Your objective.
Give back the data exactly, with no images.

Dataset section START

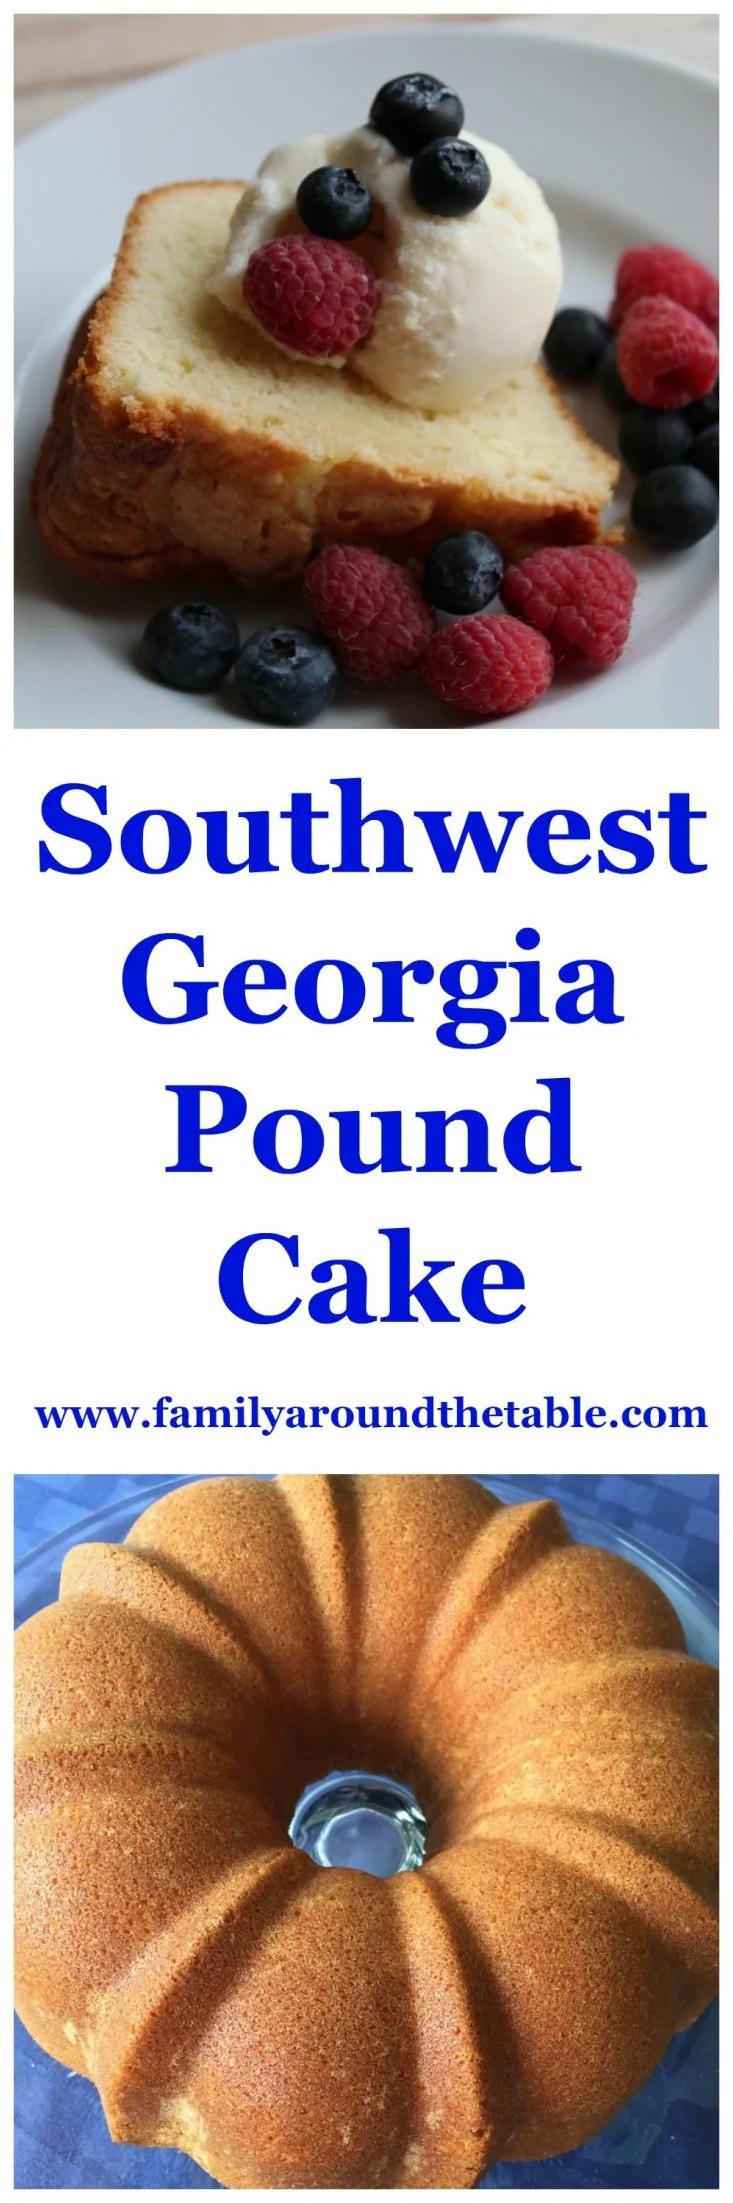  Say hello to your newest obsession: Southwest Georgia Pound Cake
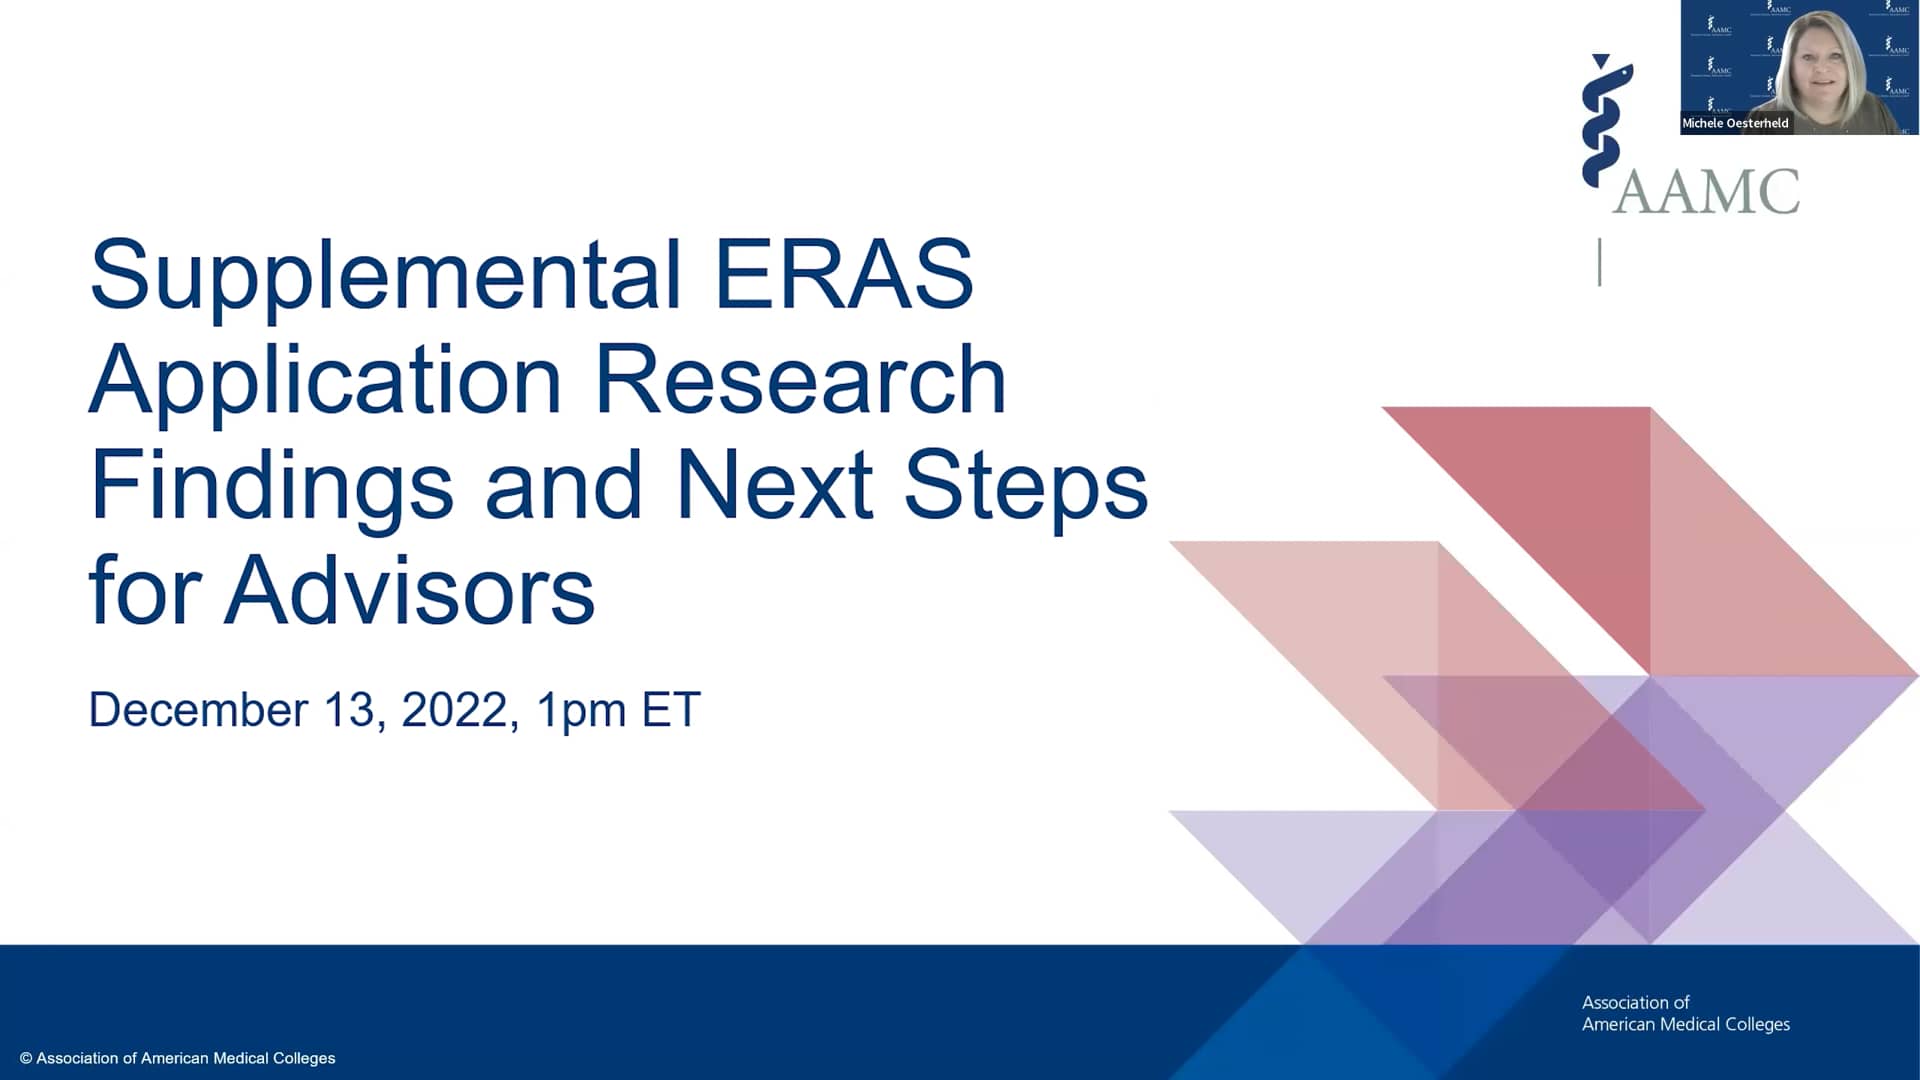 Supplemental ERAS Application Research Findings and Next Steps for the
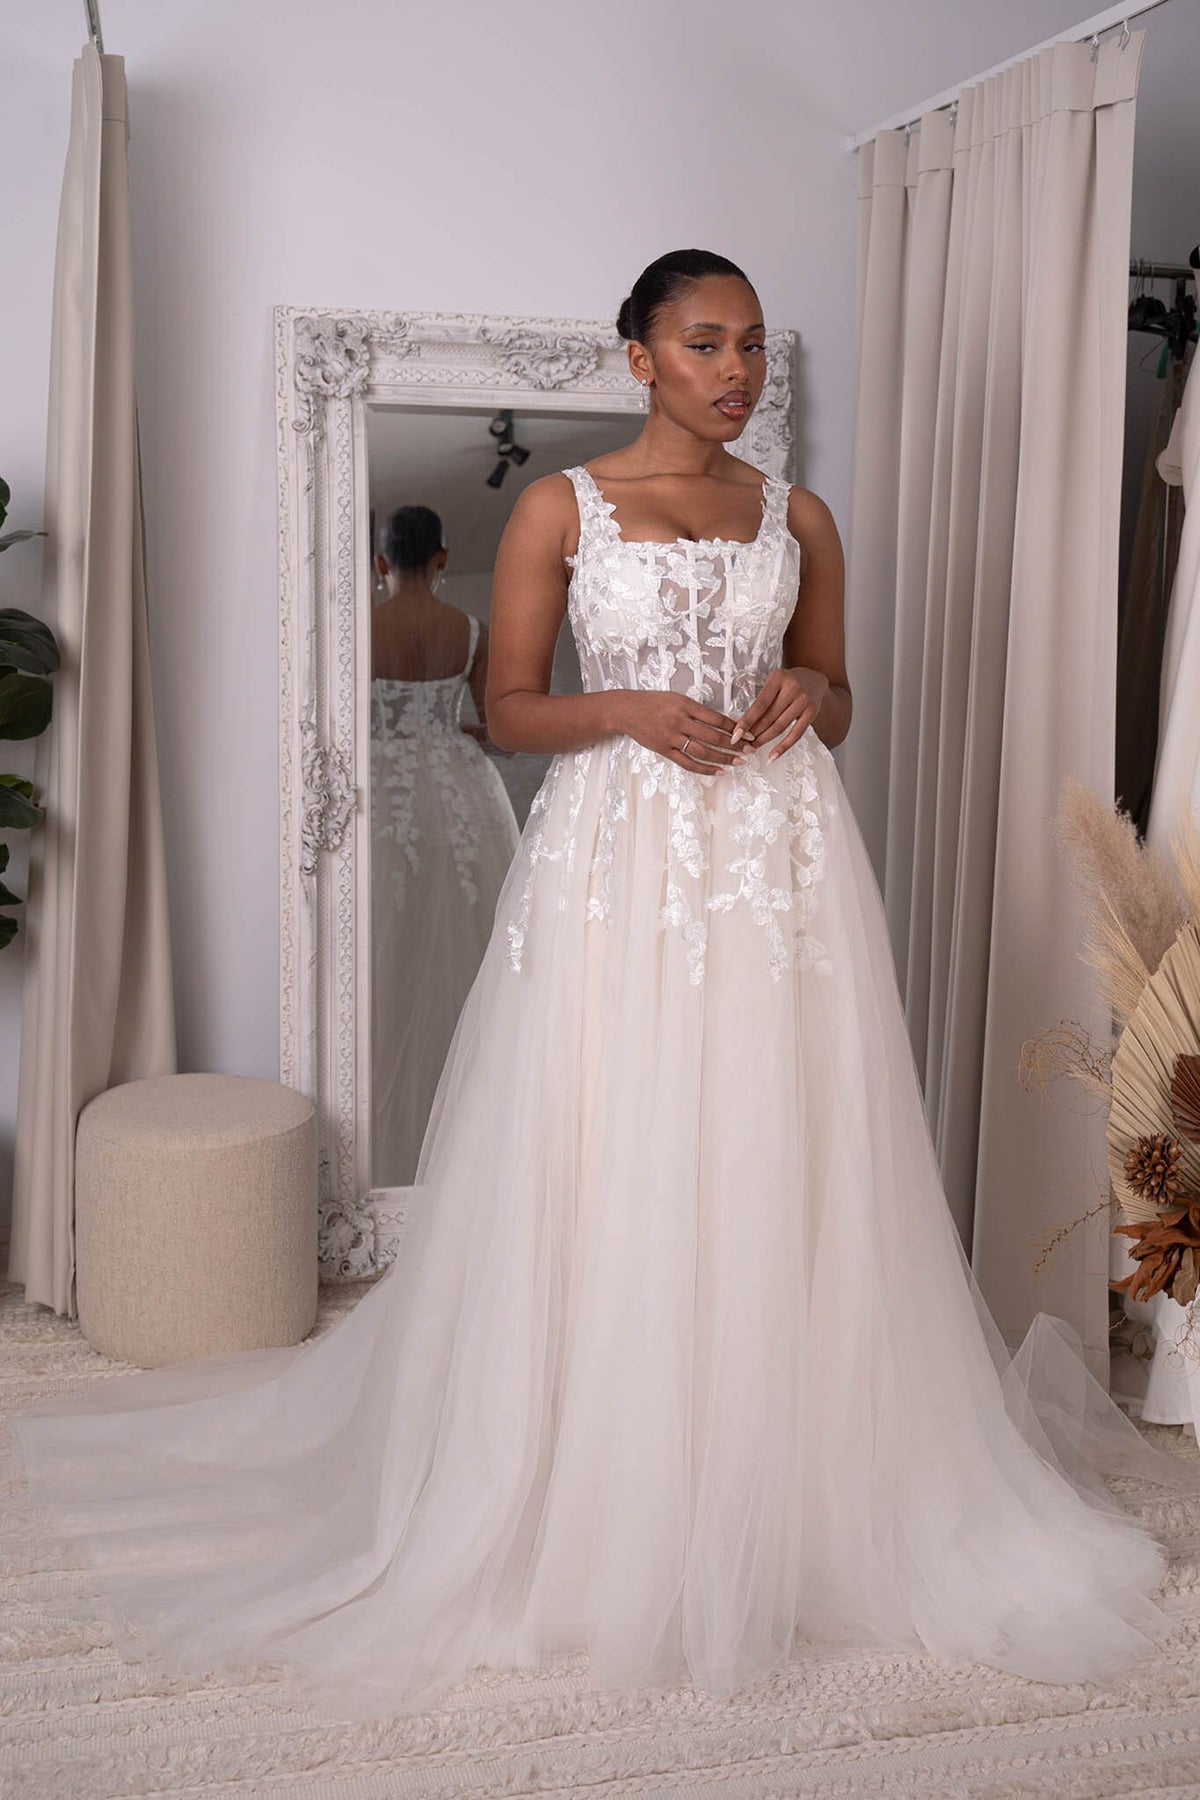 Ivory Off-White Square Neck A-line Lace Wedding Gown with Floral Lace Motifs Embellished on Layered Tulle, Trendy Exposed Bone Bodice, Voluminous Full A-line Skirt and Flowing Sweep Train

Dataset section END

Your response.
  Say hello to your newest obsession: Southwest Georgia Pound Cake
 Supplemental ERAS Application Research Findings and Next Steps for the
 Ivory Off-White Square Neck A-line Lace Wedding Gown with Floral Lace Motifs Embellished on Layered Tulle, Trendy Exposed Bone Bodice, Voluminous Full A-line Skirt and Flowing Sweep Train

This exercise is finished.